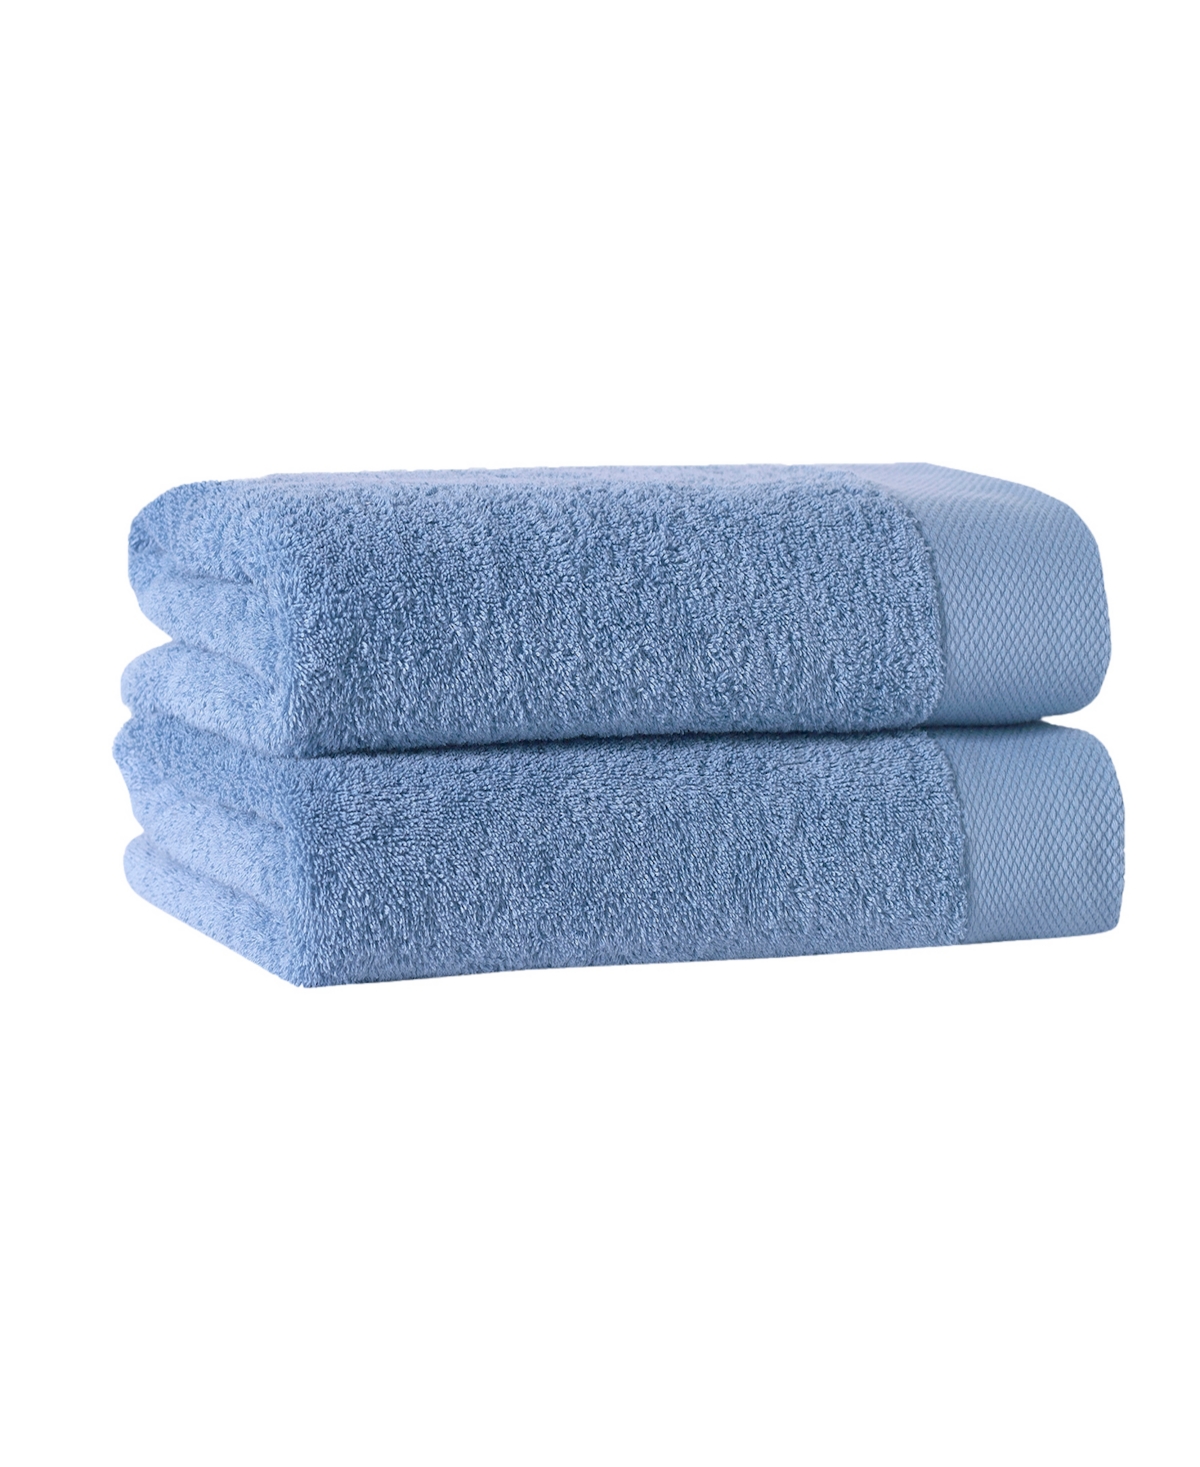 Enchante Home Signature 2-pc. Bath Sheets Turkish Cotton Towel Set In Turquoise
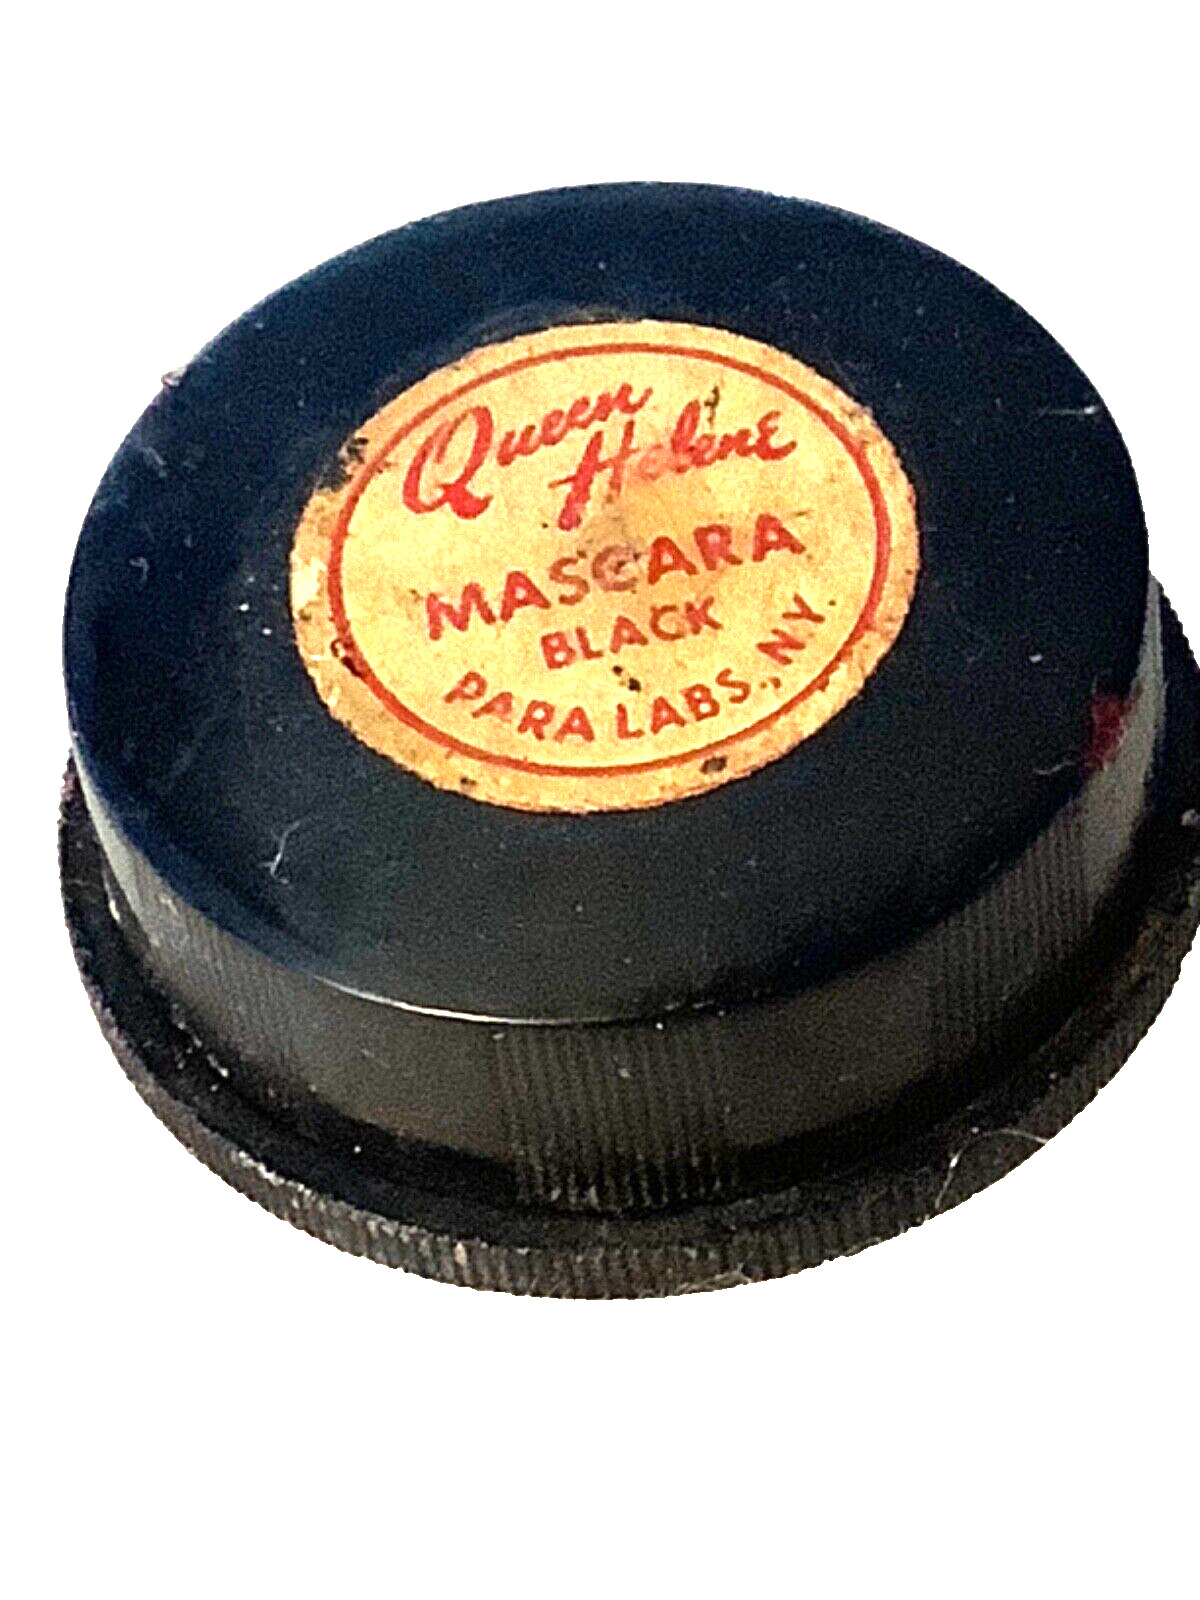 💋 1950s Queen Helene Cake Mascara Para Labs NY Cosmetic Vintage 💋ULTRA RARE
+-------+
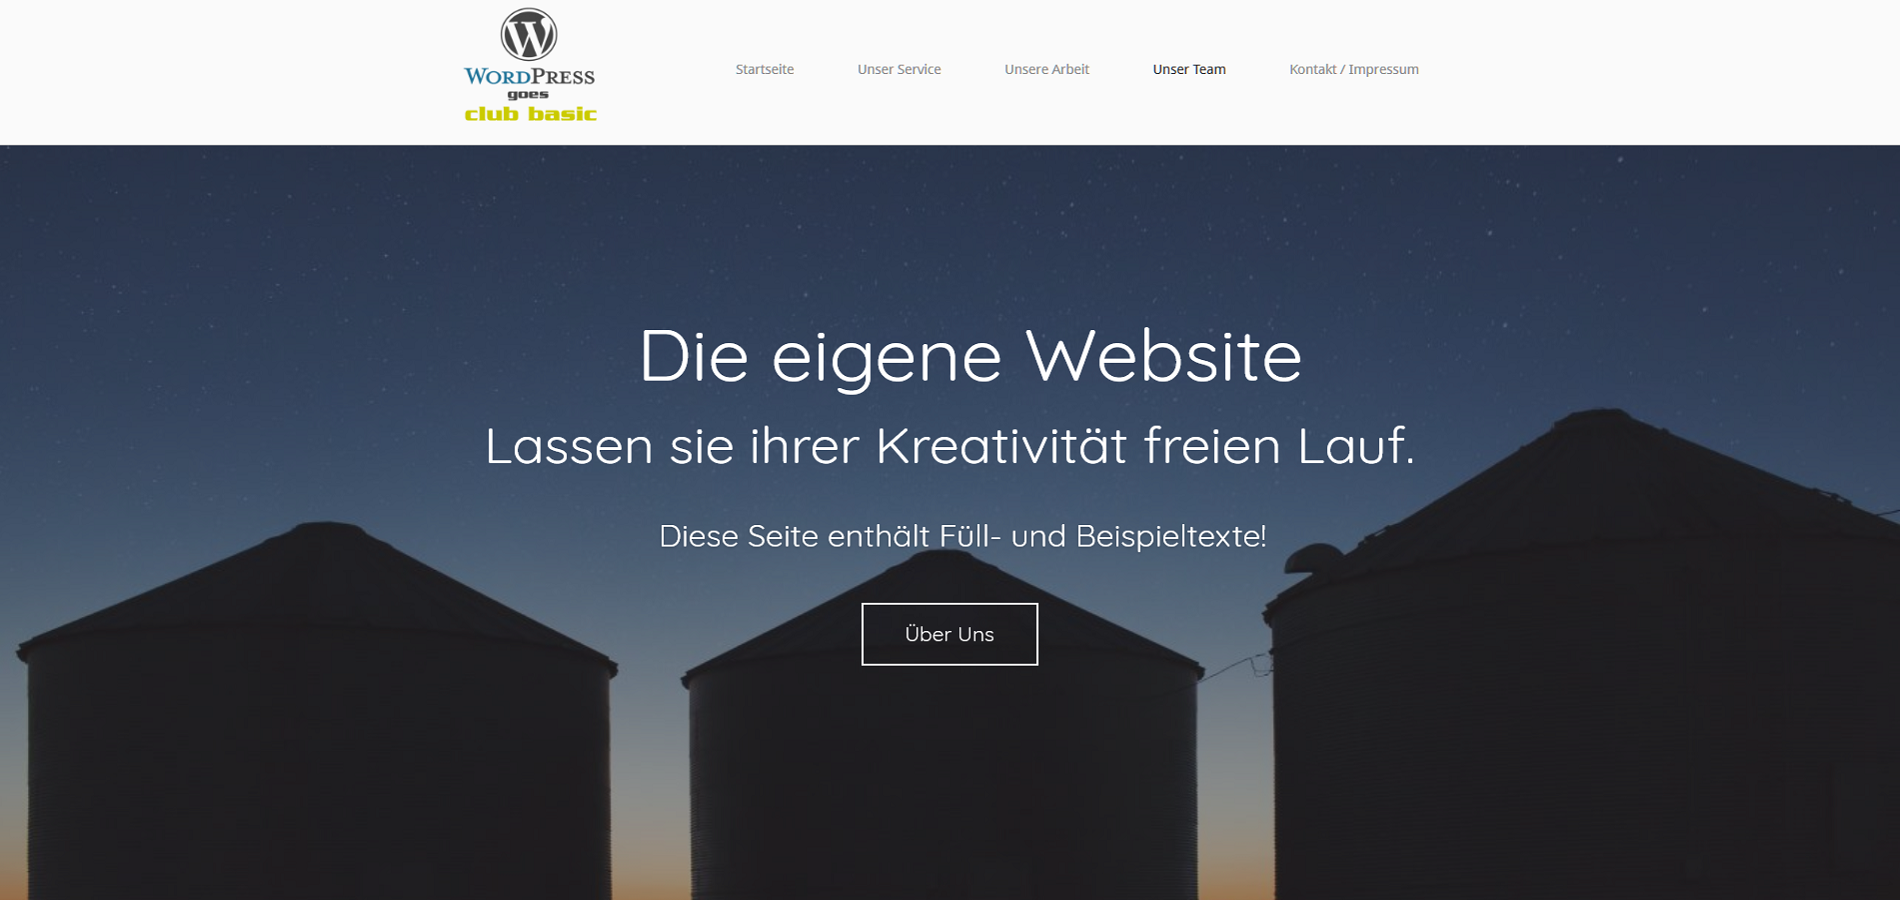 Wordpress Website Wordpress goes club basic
+-------+
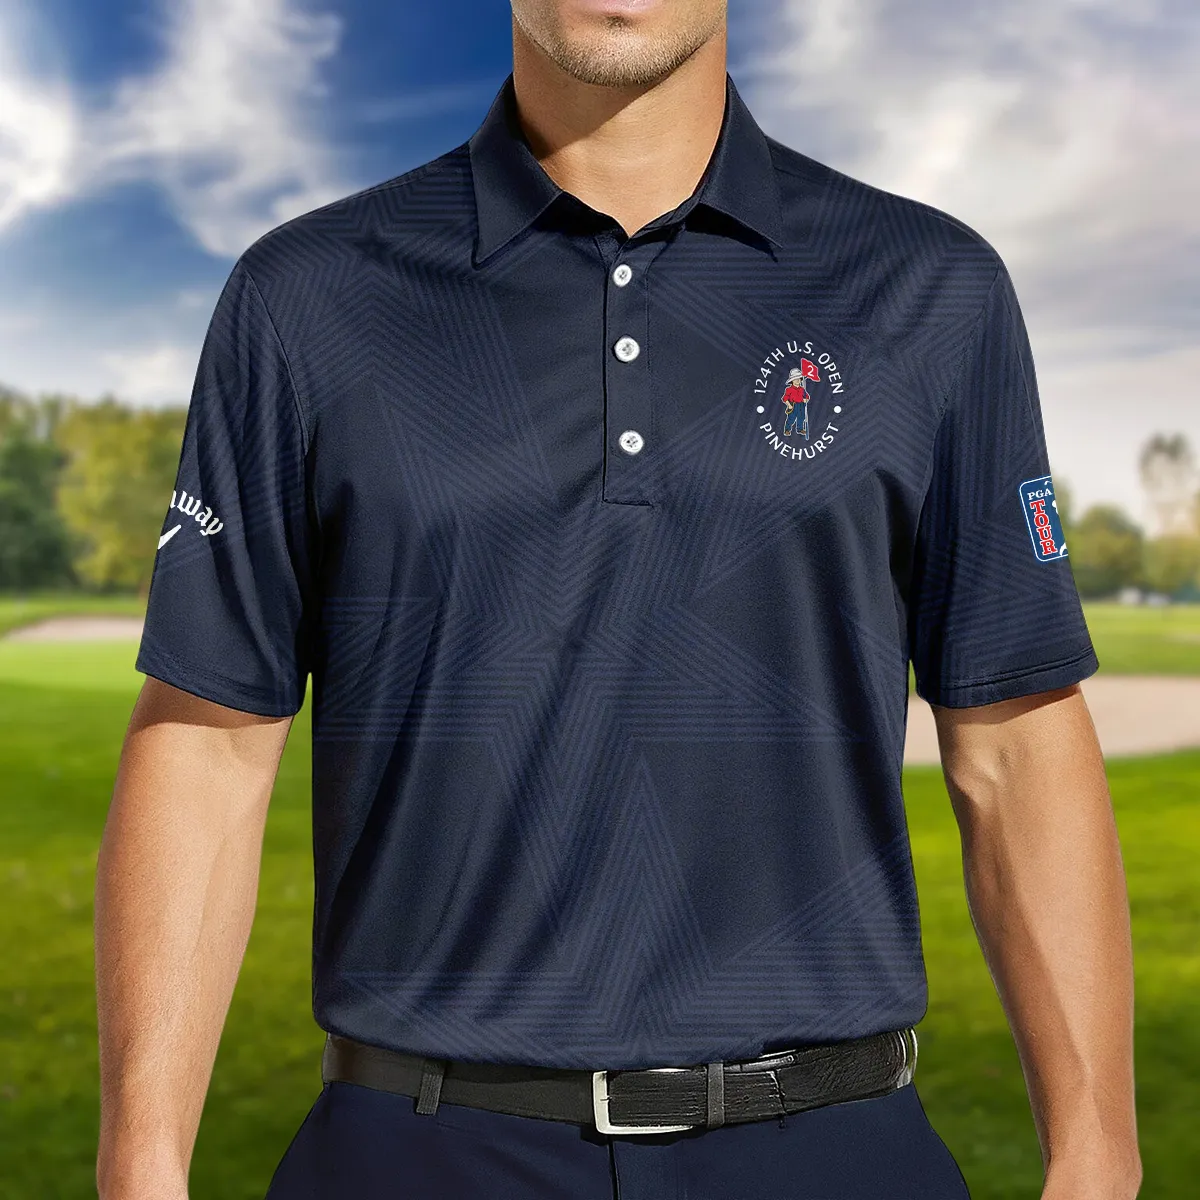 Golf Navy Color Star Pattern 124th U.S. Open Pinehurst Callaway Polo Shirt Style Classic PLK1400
+-------+
TRY IT: Using the records above, return verbatim only the part that opens with the line containing "Enchante Home Signature" and closes with the line containing "Vintage 💋ULTRA RARE"; pictures stay out.

SOLUTION FOR THIS TASK:
 Enchante Home Signature 2-pc. Bath Sheets Turkish Cotton Towel Set In Turquoise
 💋 1950s Queen Helene Cake Mascara Para Labs NY Cosmetic Vintage 💋ULTRA RARE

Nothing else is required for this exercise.